[Opening RAW DATA section]

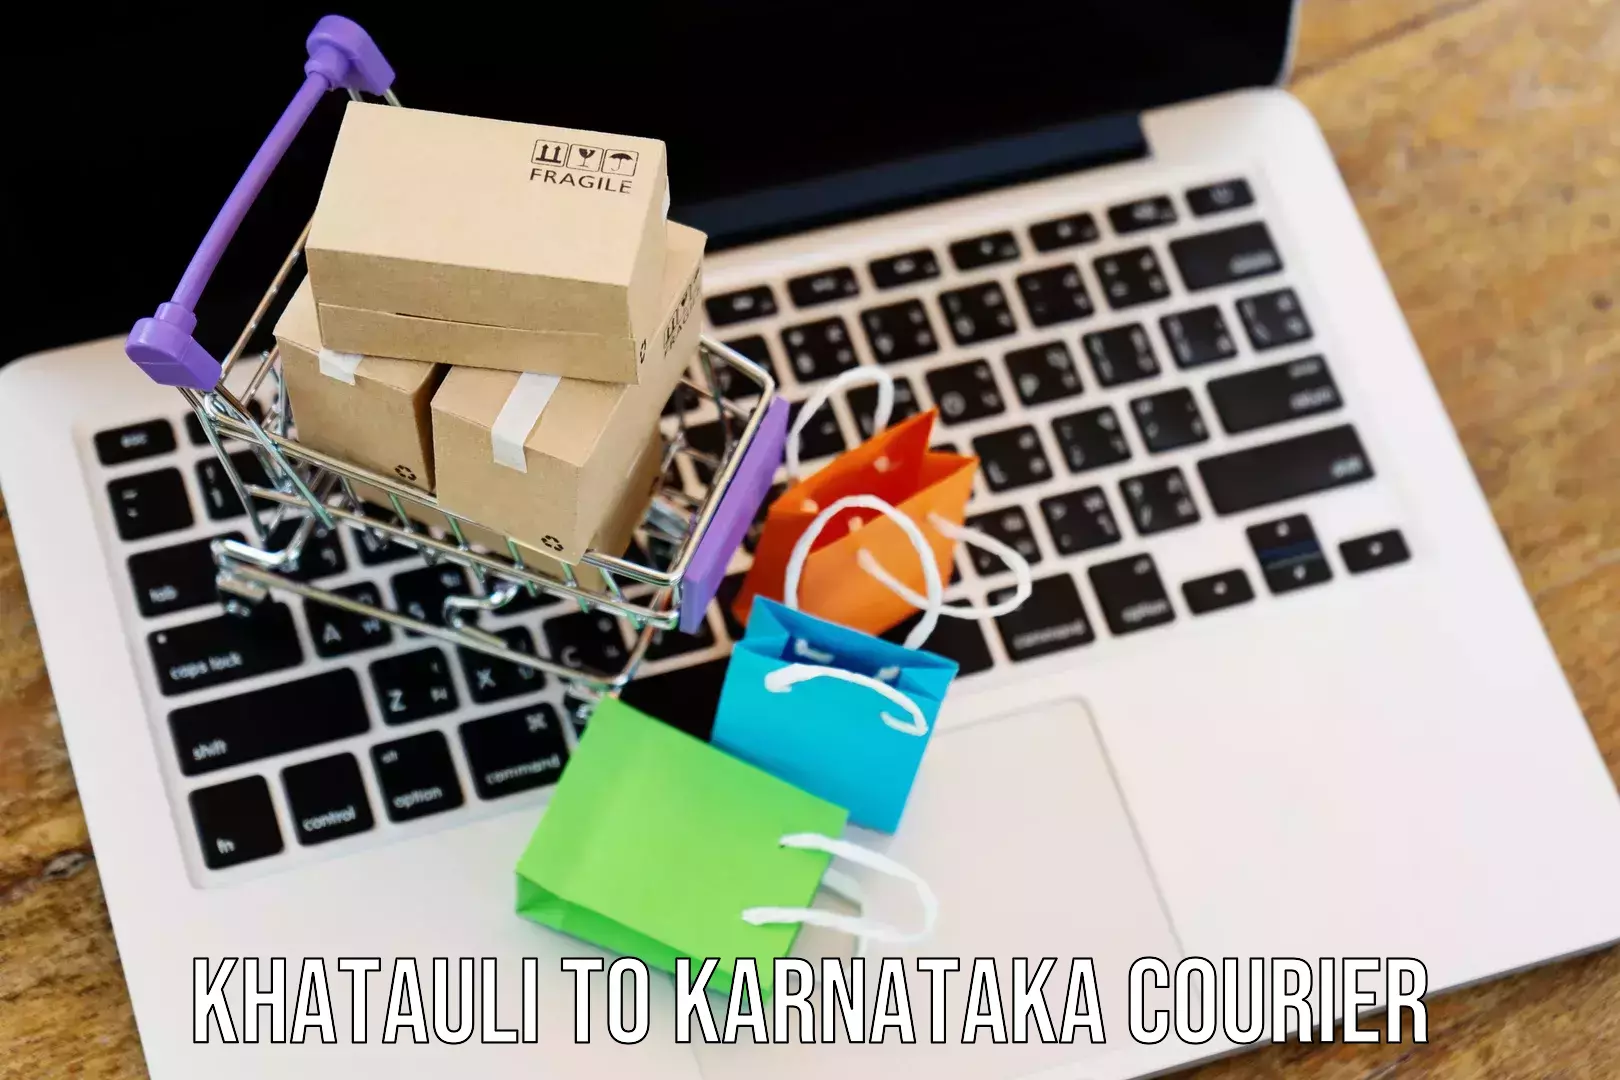 End-to-end delivery Khatauli to Karnataka
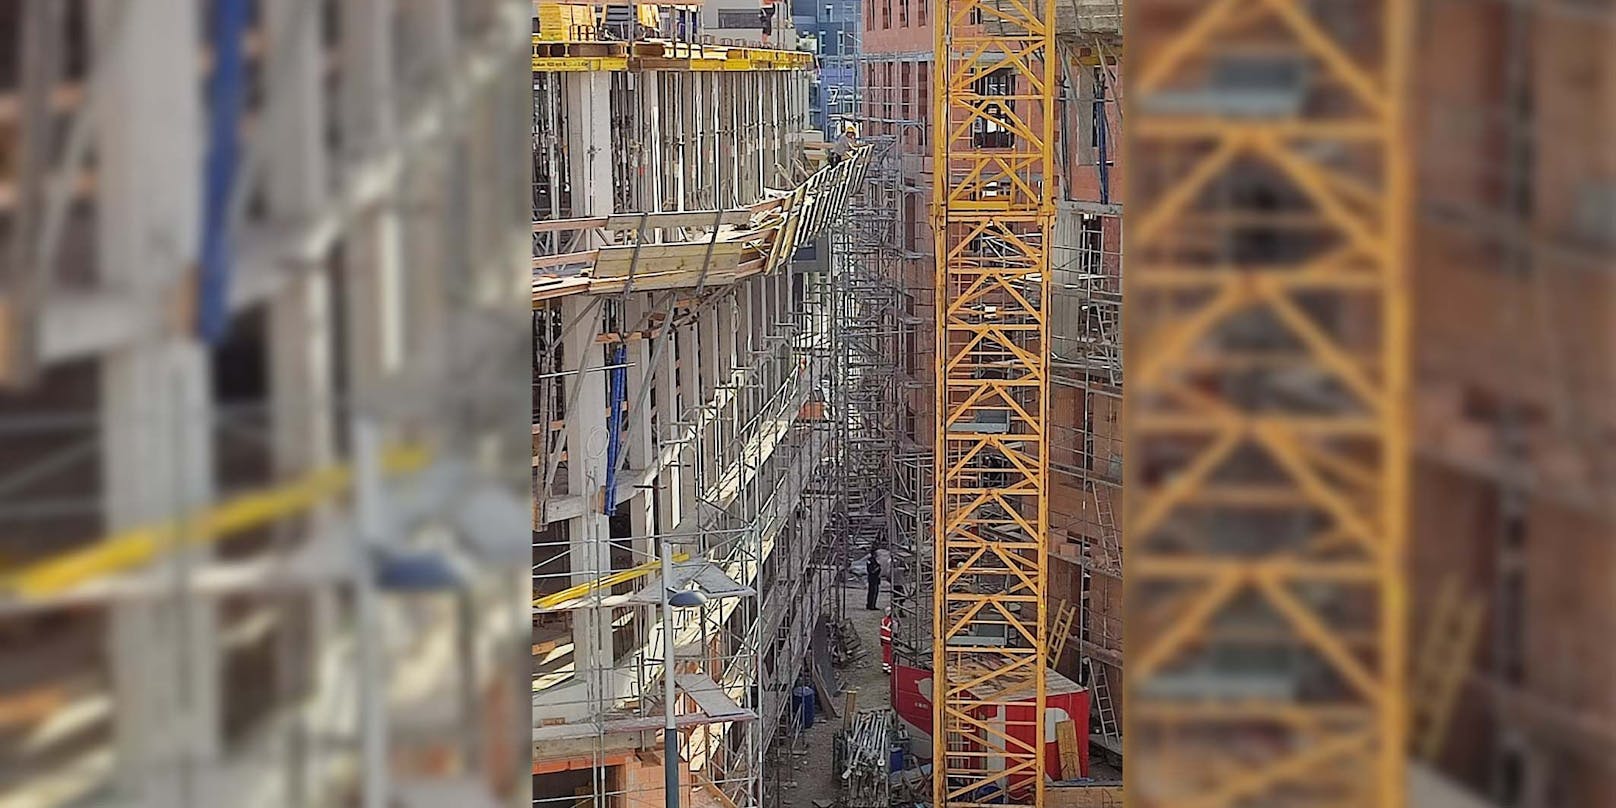 Schwerer Unfall: Bauarbeiter fällt 6 Meter in die Tiefe
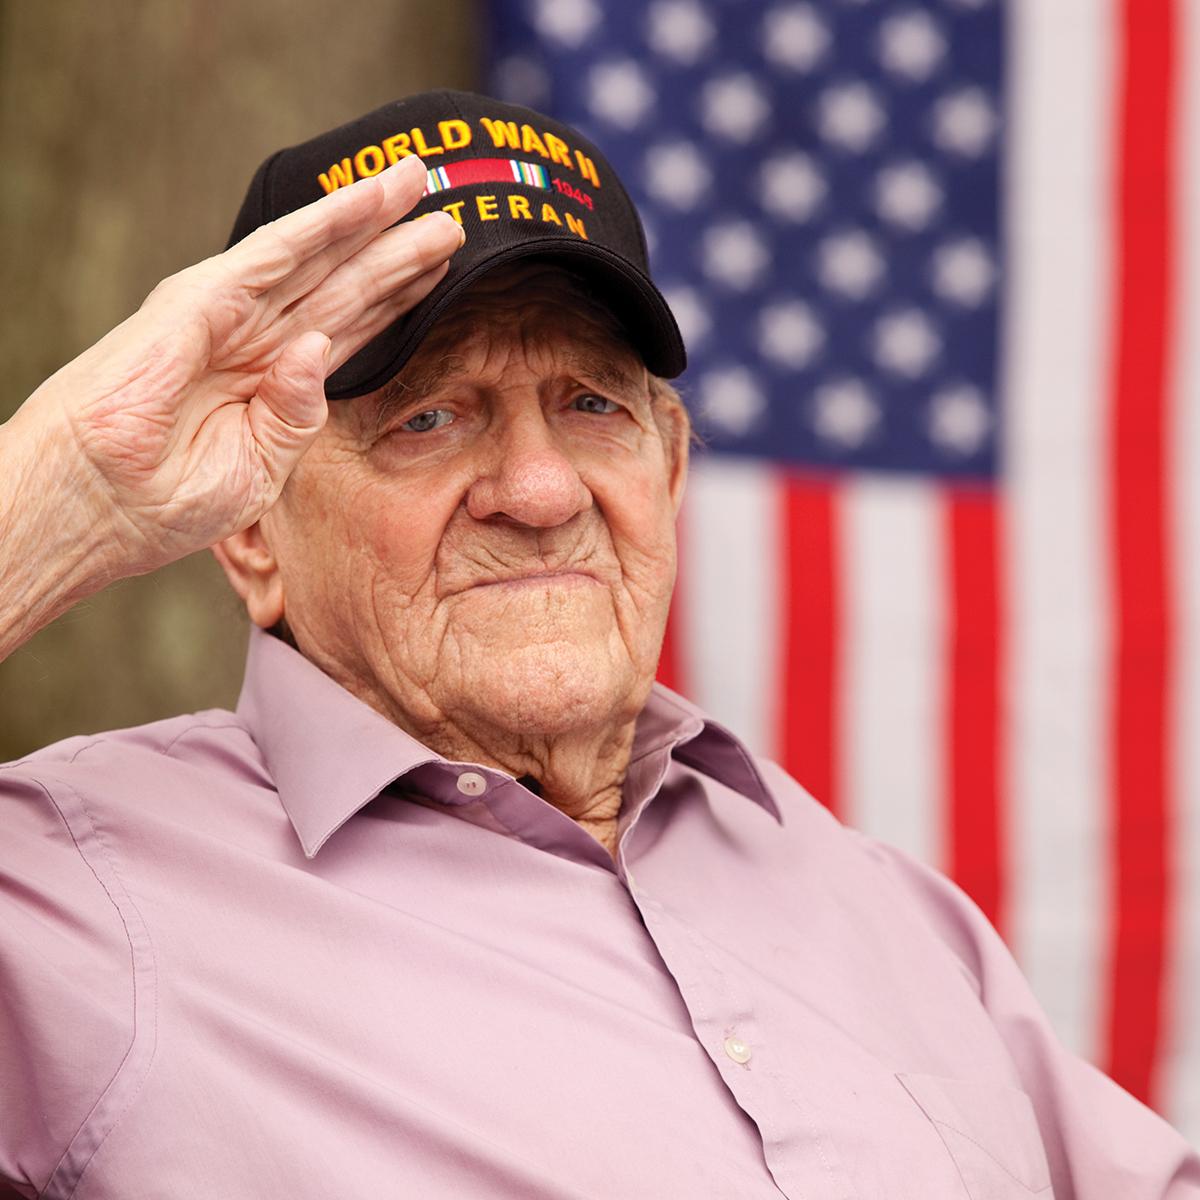 An elderly man wearing a World War II Veteran hat salutes in front of an American flag.
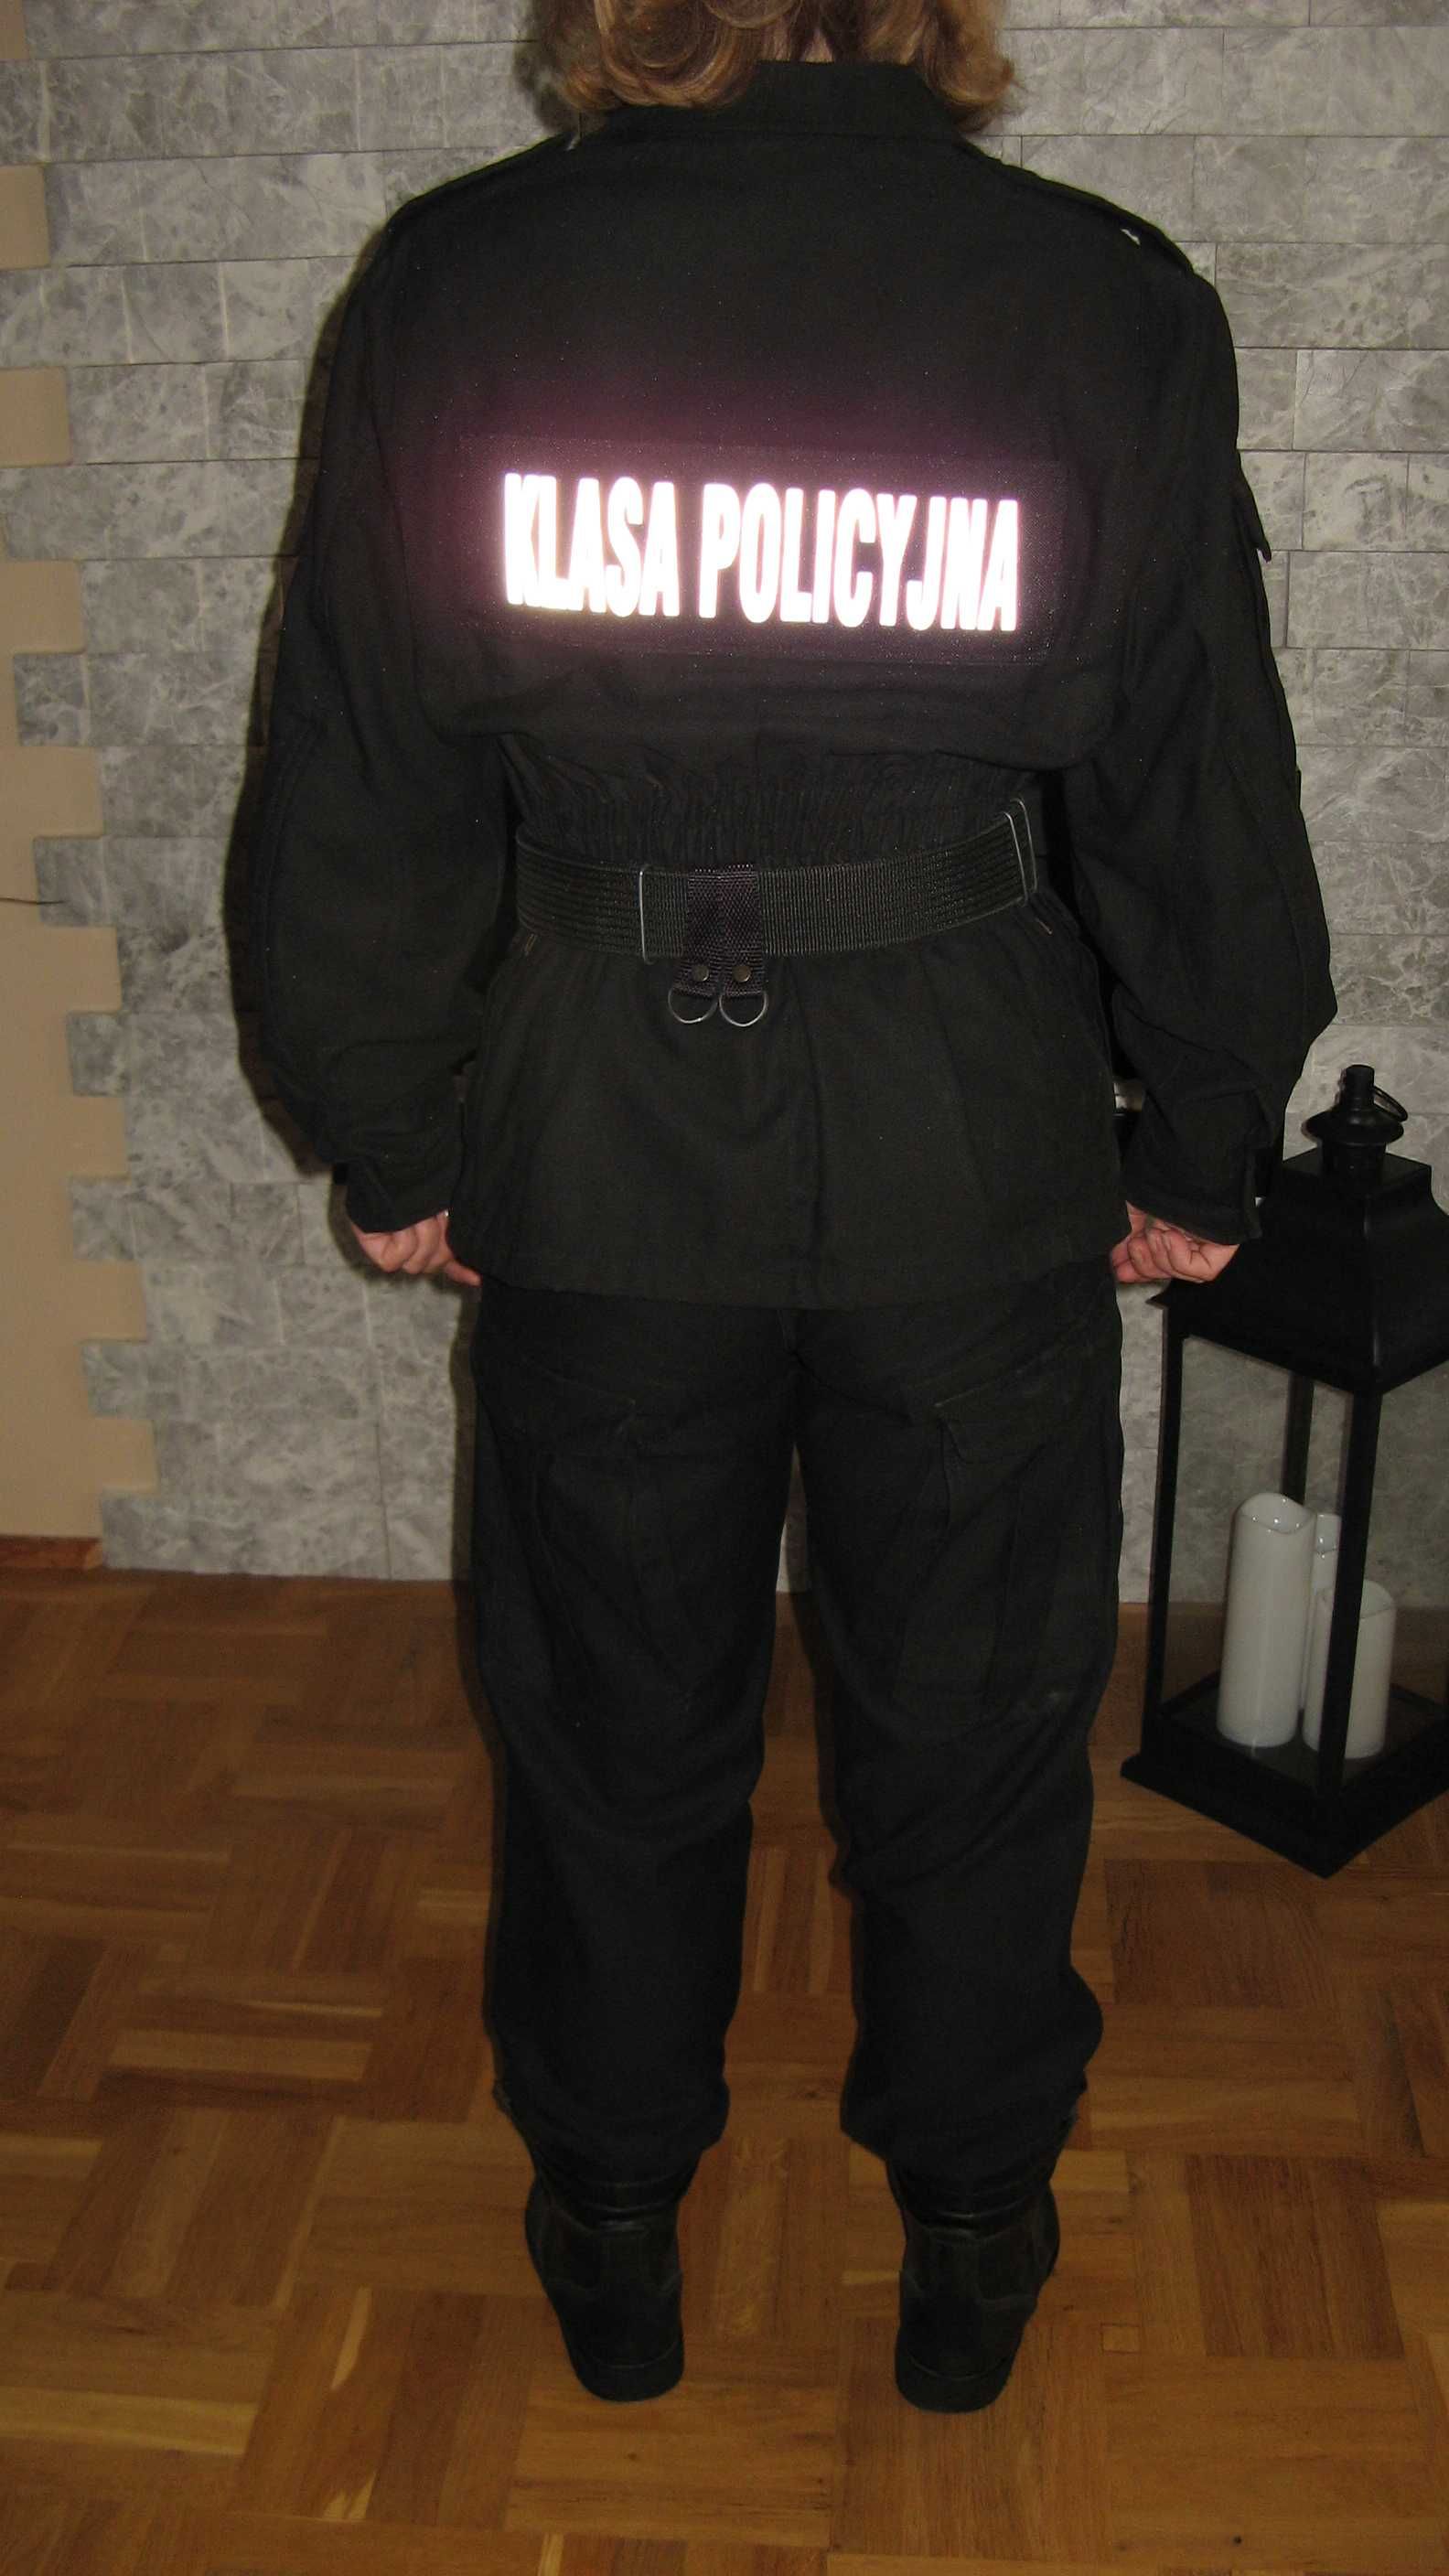 mundur klasy policyjnej

[Closing RAW DATA section]

Print the material again word for word. Please drop every picture.

 End-to-end delivery Khatauli to Karnataka
 Schwerer Unfall: Bauarbeiter fällt 6 Meter in die Tiefe
 An elderly man wearing a World War II Veteran hat salutes in front of an American flag.
 mundur klasy policyjnej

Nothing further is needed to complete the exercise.